5.2. De plundering van de derde wereld verscherpt
De wereldburgerij moet altijd meer meerwaarde uit de derde wereld persen om haar accumulatie te voeden.
Vooreerst gebeurt dit door de verhoogde uitbuiting en de veralgemeende plundering van de grondstoffen. Bijna alle derdewereldlanden stikken onder de schuldenlast. Internationale instellingen zoals het IMF, de Wereldbank of de Wereldhandelsorganisatie eisen de opening van de grenzen voor het multinationale kapitaal, de stopzetting van de sociale uitgaven die ietwat de ellende van de werkers konden verzachten en de privatisering. In meerdere van deze landen wordt de president verkozen bij verkiezingen, maar in werkelijkheid zijn het deze instellingen die het land
leiden in naam van banken en multinationals en van Westerse en Japanse regeringen. De huidige hulp om landen zoals Thailand, Indonesië, Zuid-Korea, Rusland en Brazilië die tot over hun oren in de schulden zitten, te redden en die nog meer arbeiders in de armoede duwen, wil in werkelijkheid het internationale financiële systeem en de imperialistische landen beschermen tegen de crisis.

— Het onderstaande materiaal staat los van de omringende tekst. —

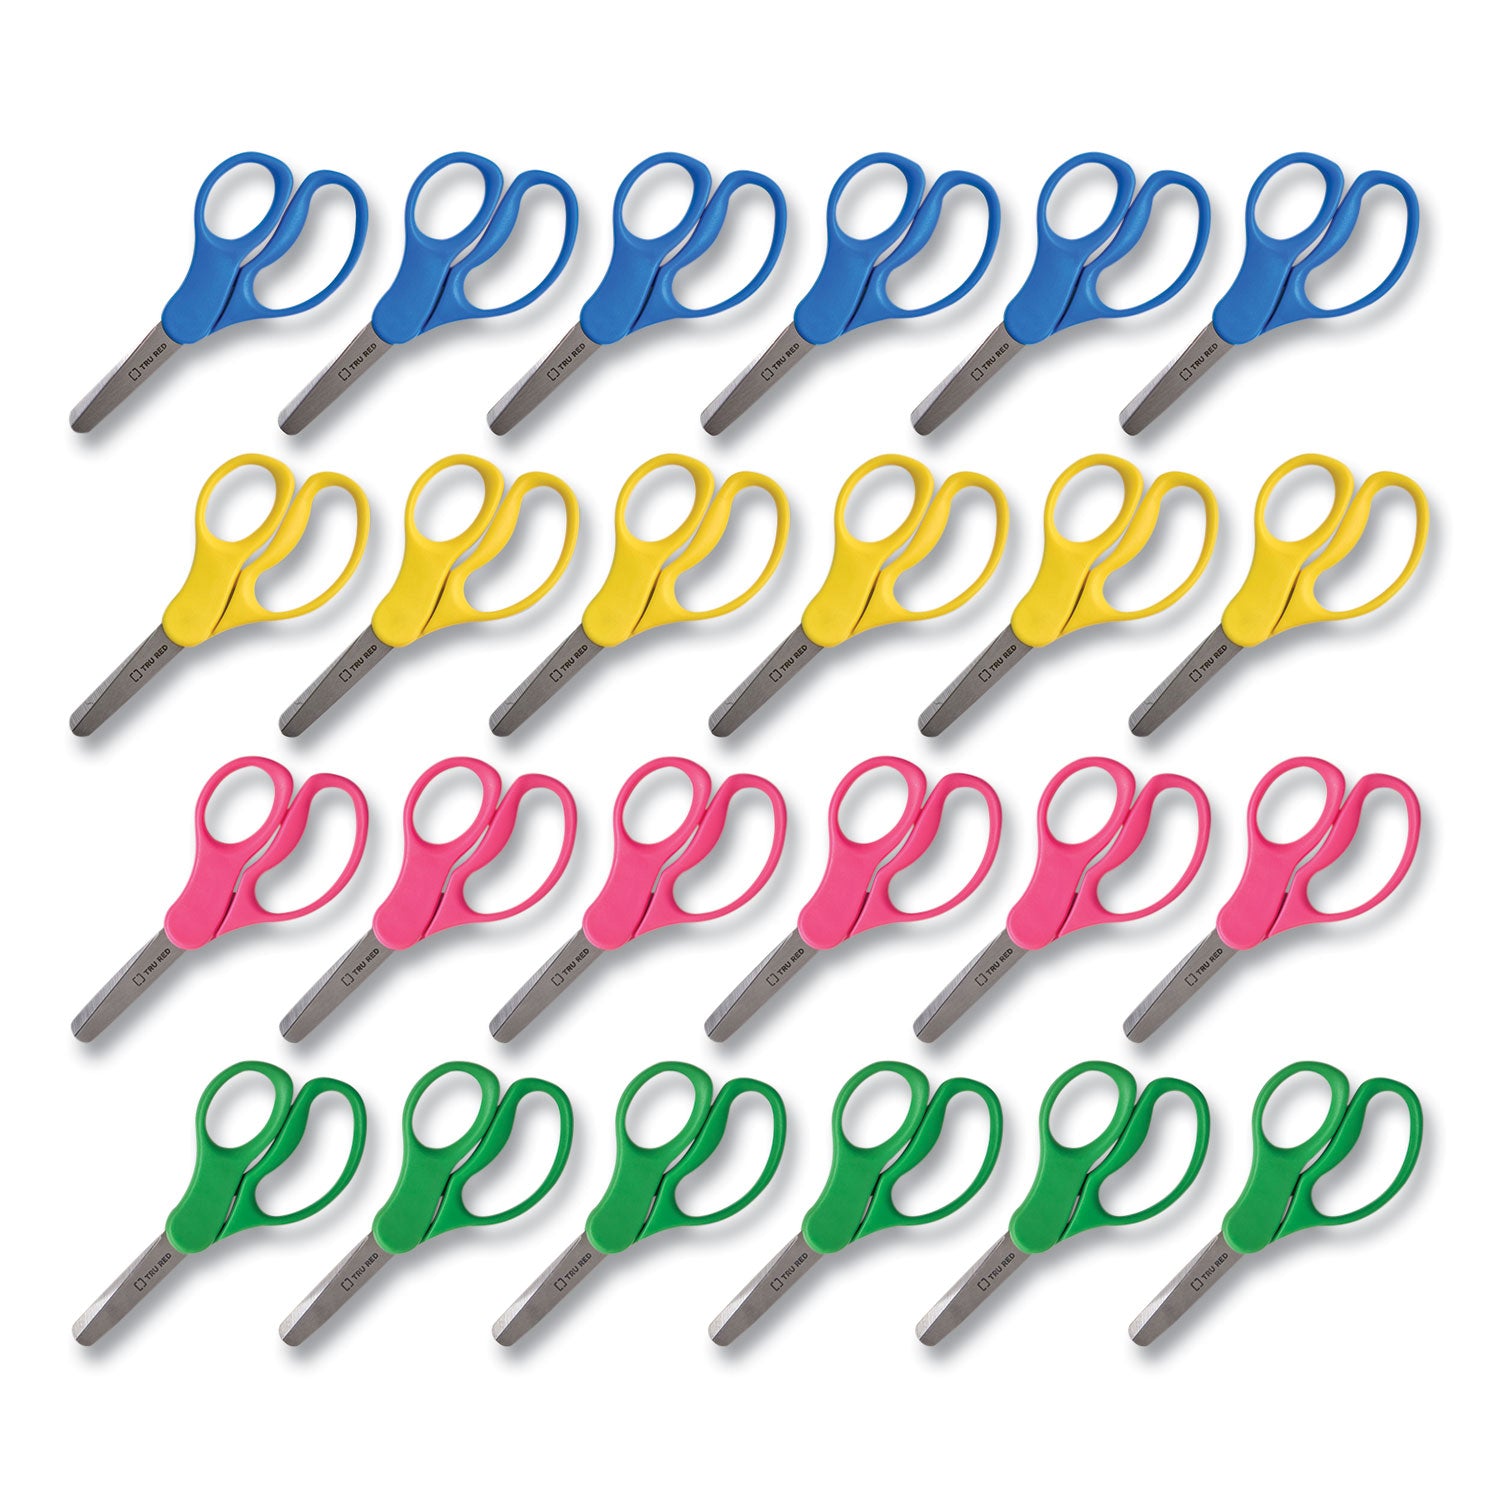 kids-blunt-tip-stainless-steel-safety-scissors-5-long-205-cut-length-assorted-straight-handles-24-pack_tud24380511 - 1

Verder schakelen ze ook hun potentiële concurrenten in de derde wereld uit. De patroons uit Oost-Azië draaien op voor de programma’s die het Internationaal Muntfonds heeft gelanceerd na de Aziatische crisis. De chaebols, de Zuid-Koreaanse groepen zoals Hyundai, Samsung, Daewoo of LG (Lucy Goldstar) die zich snel hebben ontpopt als de evenknie van Westerse en Japanse multinationals, worden verplicht een groot deel van hun activiteiten af te stoten. Er waren vijf autoconstructeurs, er mogen er maar twee overblijven: Hyundai en Daewoo. Het aantal elektronicafabrikanten wordt herleid tot drie: Hyundai, Samsung en LG. De helft van de filialen van deze chaebols worden ofwel opgedoekt, ofwel verkocht.
Hetzelfde gebeurt in de andere landen. Zo wordt het project om een nationale wagen te produceren in Indonesië gewoonweg geschrapt door de beslissingen van het IMF dat de bevelen opvolgt van de Westerse bankiers. Dit heeft trouwens de economische basis van de politieke macht van dictator Suharto ondergraven; de CIA had hem geïnstalleerd in 1965 en hij is verantwoordelijk voor de moord op minstens een half miljoen progressieven en communisten. De familie Suharto had vanuit haar machtspositie een rijk opgebouwd dat alle takken van de Indonesische economie omvatte. Zij kon de
massa’s kalmeren en in slaap wiegen omdat zij met staatssteun tegen lage prijzen rijst leverde aan de bevolking. Maar het IMF heeft deze staatssubsidies verboden. De arbeiders hebben hierdoor deze voedselbron verloren. Zo komt het dat het aantal armen in dit land zal stijgen van 20 tot 80 miljoen.
Tenslotte proberen de imperialisten elke contestatie in de derde wereld uit te schakelen om alle weerstand tegen de overheveling van rijkdommen naar de rijke landen te vermijden. Dat gebeurt door bijvoorbeeld de prijzen van de grondstoffen permanent laag te houden. Dit verklaart de Engels-Amerikaanse aanval tegen Irak, een belangrijke olieproducent, in december 1998. Dit land kon een model zijn voor een autonome ontwikkeling op een ogenblik dat het imperialisme precies meer volgzaamheid eist van de derde wereld. Maar terzelfdertijd heeft deze barbaarse misdaad een heftige oppositie losgemaakt in de meeste landen van de derde wereld, vooral in de Arabische wereld. Het imperialisme probeert ook de nationale bevrijdingsbewegingen in de landen van de derde wereld uit te schakelen, meer in het bijzonder in die landen waar zij de wapens opnemen zoals in
Colombia, Peru, Turkije, India of in de Filippijnen. Dat bewijst hoe objectief gezien de tweede tegenstelling, de tegenstelling tussen de arme landen en het imperialisme, alleen maar groter kan worden. Dat is onvermijdelijk omdat de belangen van de imperialisten regelrecht botsen met de rechtvaardige noden van de bevolking.[3]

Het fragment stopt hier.